I you could just add some water and it would expand - that would be sweet!  But no .....
The parts are coming from a heavy piece of angle I torched up and the centre holder part is from a piece of the hull (bow section) of the ship I work on.  We installed a new bow thruster in 2016 so this chunk has been in the “future plans” section for a while - LOL.  It is Grade E steel which means it is supposed to retain its properties down to -40° C.  Ice breaking -LOL





Here is the pile of other steel:





Here are the very rough plans - still jigging them a bit:








And the base:




I got a good start on it today - will post more after I make the dinner ......


----------



## Tom Kitta (Nov 5, 2020)

I almost build what you are planning to build - then I realized that I can use simply re-use an existing tailstock I had for a indexing head. Note that this is not the only design you can copy. It is probably one of the easier (but not easiest) designs through. I ended up making from the parts a wheel balancing fixture - i.e. static balancer. 

Easier design would be one without adjustment up or down as an example.

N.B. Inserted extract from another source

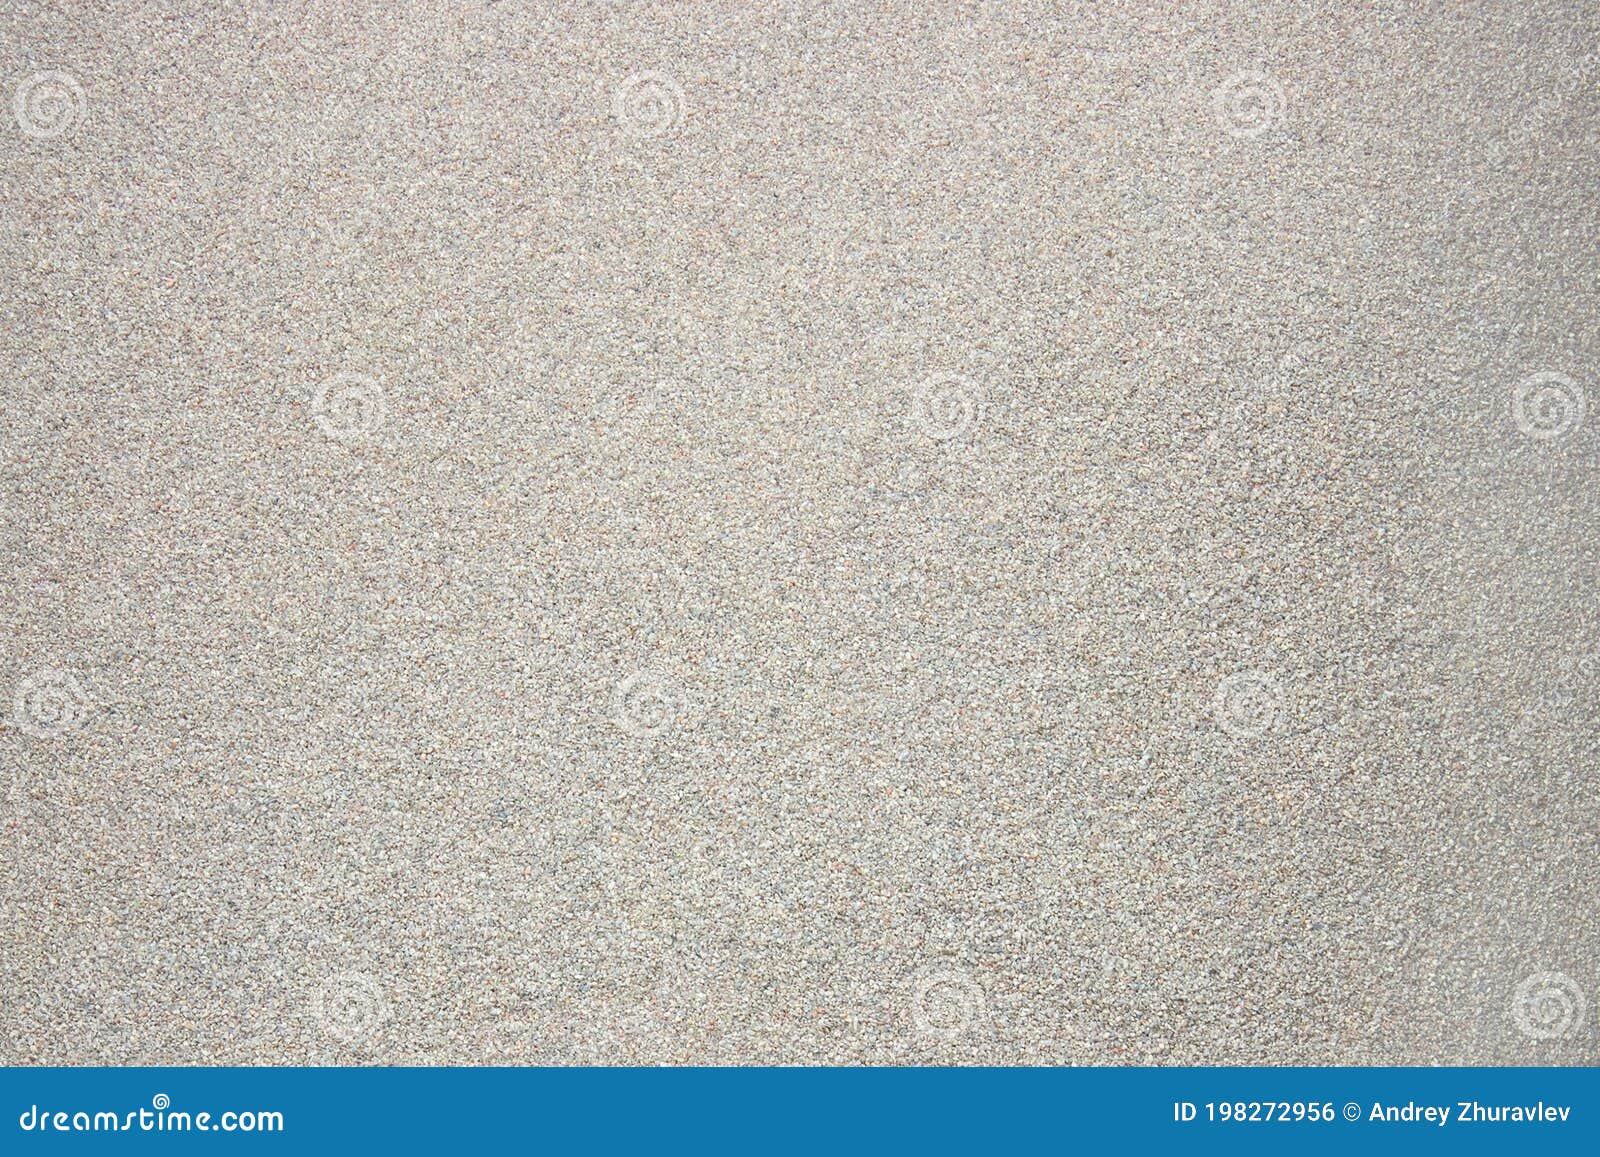 Gravel Texture, Natural Pebble Background. Stock Photo - Image of fine ...
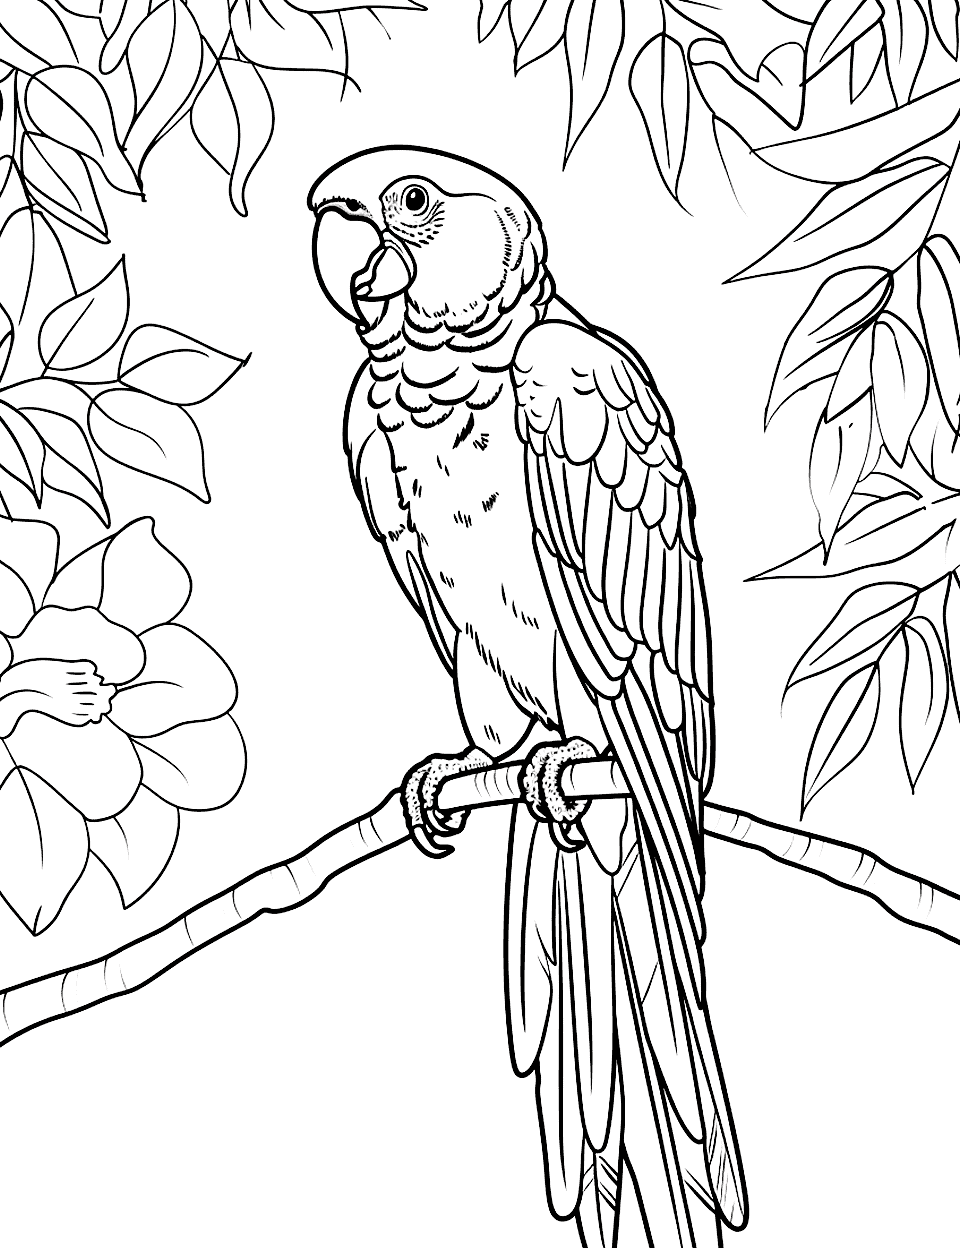 Parrot in a Tropical Forest Coloring Page - A vivid macaw perched on a lush branch surrounded by simple foliage.

Note that this will not really support mandrels well while cutting gears - what I used was a machinist jack right under the area being cut - unless the shaft you are cutting is really thick.


----------



## Brent H (Nov 6, 2020)

The shaft is 1-1/4” plus a few other things to machine.

I mounted and centred the big block in the four jaw and then proceeded to drill it out to size. The hole is to be 3/4” so I drilled up in steps - 2 of the few #2MT bits missing in my set is the 23/32 and the 47/64th so I hade to change things up and bore the last few thou and then reamed to 3/4.












The. It was back to the mill for all the holes and threads.  




1/16 slot cut to allow tightening up the centre





Holes for the set screw that keeps the centre from spinning when advancing it and the counter bore for the 5/16 socket head cap screw that locks the centre





drilling out the holes for the 1/2” bolts that will hold everything in place. 




Milling out the bottom relief (3/4” end mill) 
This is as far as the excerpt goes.